My MS makes me feel like someone is physically abusing me every day of my life. I try to keep a possitive attitude and keep my psychy straight, so I can eek some happiness out for myself and others, but it is a damn struggle.

Other than that, how did you like the play, Mrs Lincoln.:D

It has helped me to read all of these descriptions, to revisit some of my own neuro symptoms, since I am focused more (too much) on my rare blood diseases these days,
which add to the foot neuropathy very badly.

It seems many of you---almost all of you--have the same acute and occasionally stabbing pain, as well as numbness (how to have both stabbing pain and numbness) that I have. Mine is primarily in my feet. It seems to be a combination of neuropathy and
erythromelalgia, a condition where the microvascular things in the extremities get clogged with too much blood or too sticky blood or too thick blood (doctors seem vague on what this is). If I take Interferon chemotherapy, the feet improve a lot, but the INF
has horrible side effects....absolutely awful.

I also have had loss of balance, but it helps to do Balance PT, which I am again involved in now....PT always provides help for me even where I thought it impossible. My balance
was pretty good most of my life but now it's much less good, so I have to be careful.
Again, I do not know which of my diseases causes the imbalance...maybe all of them.
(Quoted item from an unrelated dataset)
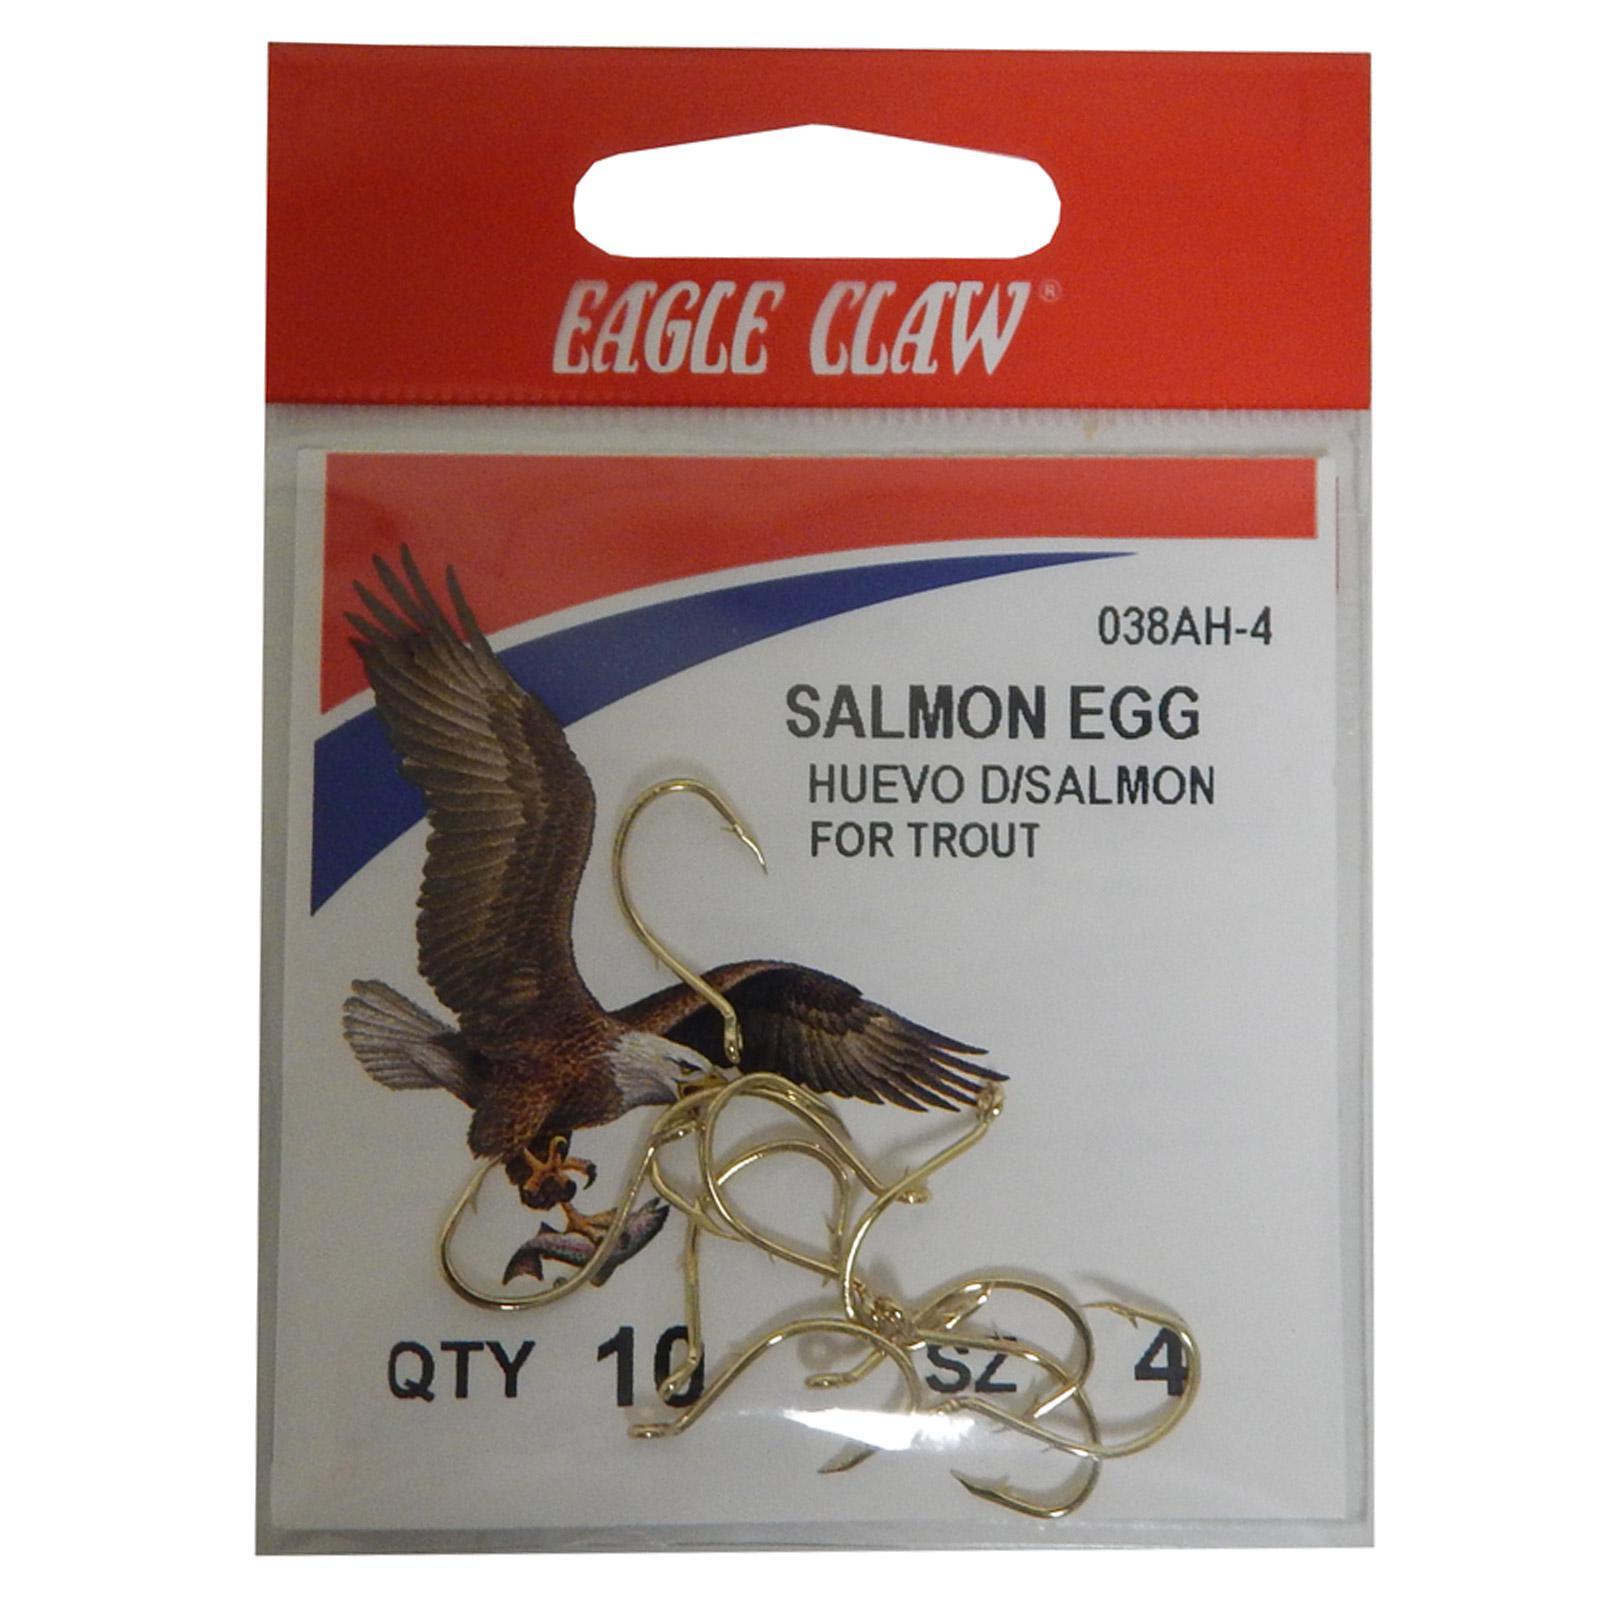 Eagle Claw Salmon Egg Baitholder Fish Hooks, Size 4 - Holiday Gift

Spasticity, which a few of you described, is my most characteristic response to a drug or
food which is bad for me--which may be primarily a Porphyria sensitivity rather than MS.
I get very spastic, too, if I don't have enough magnesium and calcium in my diet, and B1
helps too. I got so spastic on one drug, an antibiotic which I forget the name of, that I could not walk around a corner and I lost all color vision.

I had a long period of eye trouble but it is mostly gone now, for many years. things have changed and morphed a lot for me. Like Sally, I have had MS and or the "other thing" for way over 50 years, and I am plumb sick of the whole thing. But I have enough good food (Swank diet) and warm house and occasionally see my grandkids, and have hope in God, so I am ready for the last lap (but wish I didn't have to take it).

Quote:

Originally Posted by Mariel (Post 769320)

Like Sally, I have had MS and or the "other thing" for way over 50 years, and I am plumb sick of the whole thing. But I have enough good food (Swank diet) and warm house and occasionally see my grandkids, and have hope in God, so I am ready for the last lap (but wish I didn't have to take it).

We all have to take that last lap, Mariel, but I feel that we may not have to spend as much time in purgatory and swoosh right into heaven..:D :hug:

Good thought, Sally! And those are beautiful May flowers.
Today my neighbor brought some plants to put in my long
planter in front of the house. I have not been filling it with
flowers, even though I'd like to, because it's one more journey
to take with my sore feet, to go buy the plants, get them in
and out of the car, dig up the dirt, and put in the plants. My
neighbor started the planter and says she will get more plants
for me every time she buys for herself...and she buys lots.